Deterioration Laws Of Semi-rigid Base Modulus

Because of its great bearing capacity, well water stabilization and low manufacturing cost, the semi-rigid base material has been used for highway base widespread. When traffic loads on semi-rigid base, its strength deteriorates and modulus reduces. So it is necessary to do research on deterioration laws of semi-rigid materials modulus.Firstly, this paper has summarized deterioration laws of various materials modulus domestic and foreign. Following the fatigue performance and modulus deterioration laws of three common semi-rigid base materials have been studied.
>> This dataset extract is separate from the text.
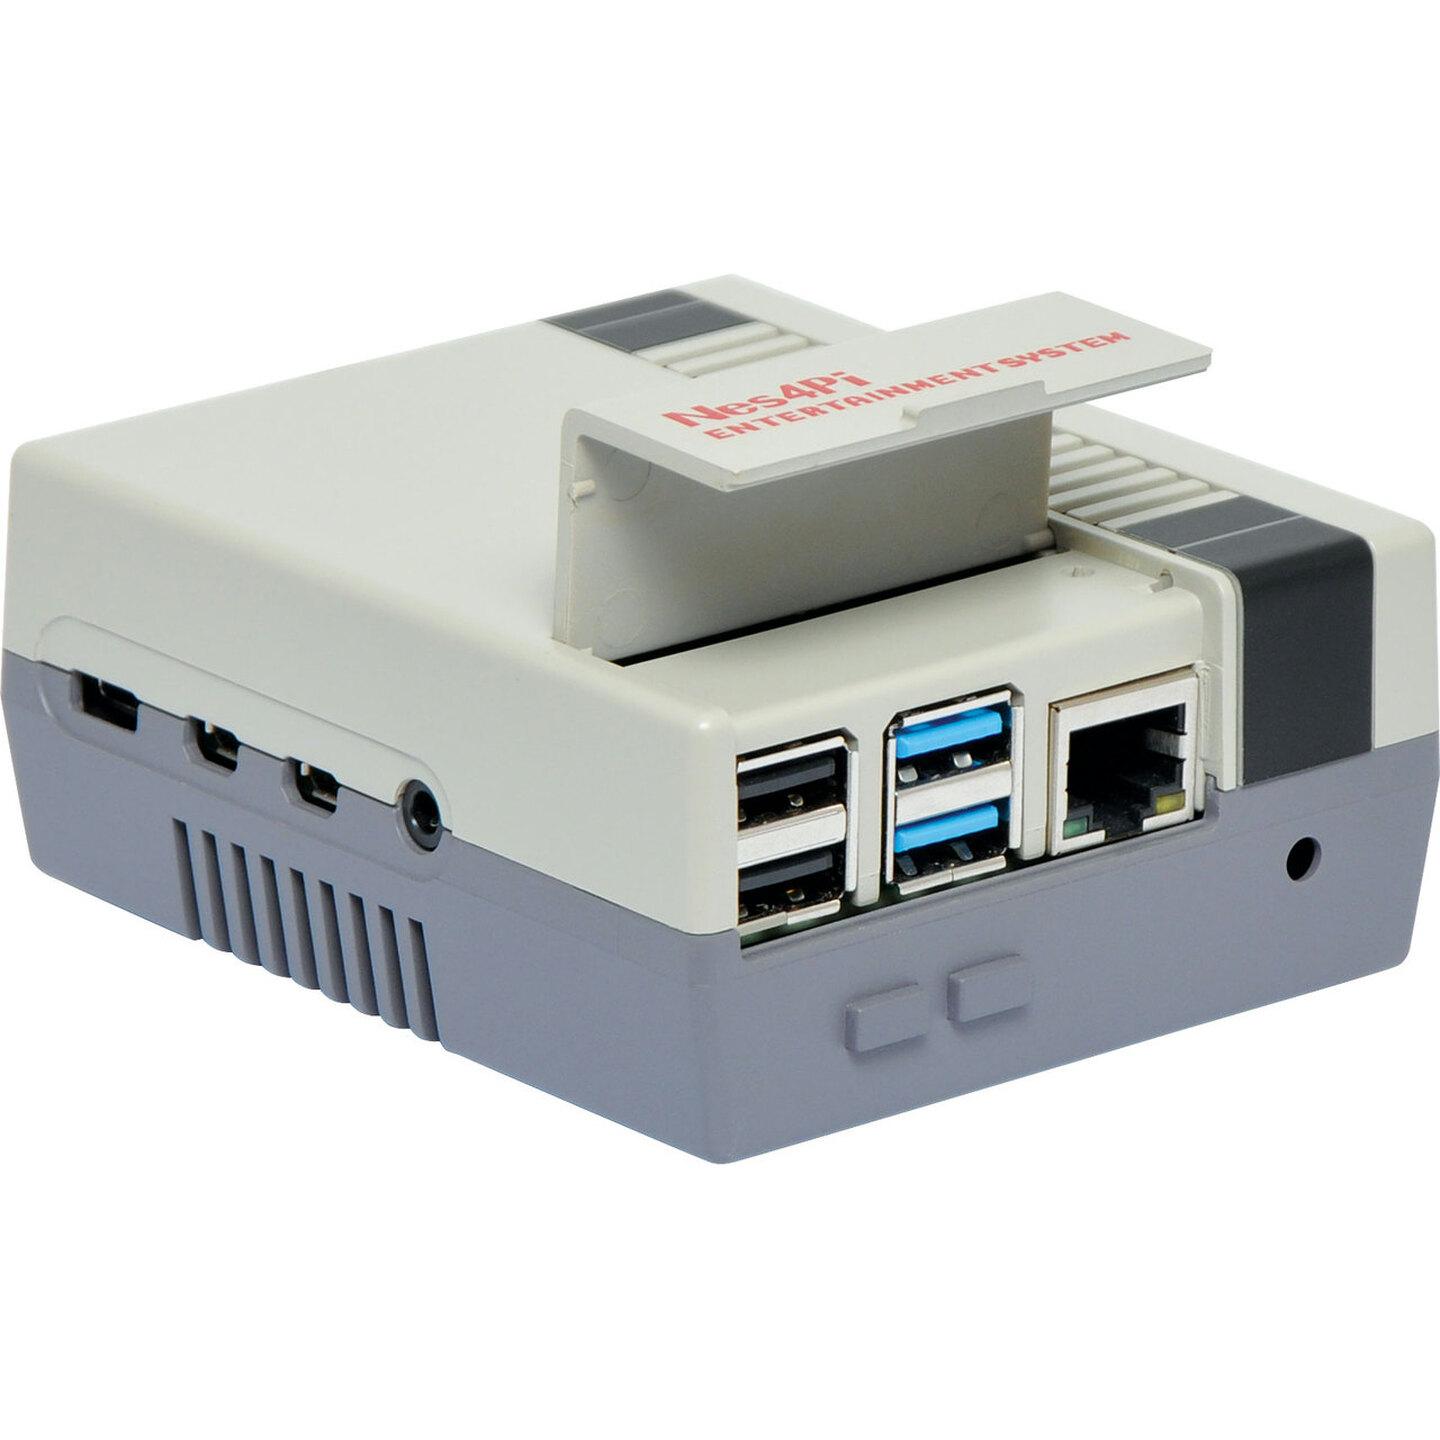 Duinotech Retro NES Gaming Case for Raspberry Pi 4

Based on having indoor fatigue test on semi-rigid cement stabilized crushed stone (suspend-dense structure and framework-dense structure), semi-rigid cement stabilized fine-textured soil with homogeneous-dense structure and lime and fly-ash stabilized crushed stone with suspend-dense structure, the author has collected strain variation at the bottom of samples during fatigue loading. The paper has analyzed tension strain at the bottom of samples and presented the calculation method as well as value of limit tension strain. Through comparison analysis, the author has found that tension train develops in three stages. Strain growth rate is different in each stage. The proportion each stage accounting for total fatigue life only has relation with material itself but is independent of stress level.In this paper, deterioration laws of each material modulus under fatigue loading also have been analyzed. Modulus deterioration also has three stages. In the first stage, cement (fly-ash) stabilized crushed stone (gravel) modulus deteriorate to 60% of original modulus approximately accounting for 15%～20% of total fatigue life. In the second stage, modulus deteriorates more slowly and has linear relationship with loading number. It accounts for about 60%～75 %. Deterioration range varies with stress level. The third stage is destabilization damage accounting for 10%～20% of fatigue life. During this stage, modulus reduces rapidly. Deterioration rate differs from stress level. The higher the stress level is, the greater the deterioration rate is. At the same time, effective modulus of has been determined. At last, the author has made comparison research with other materials.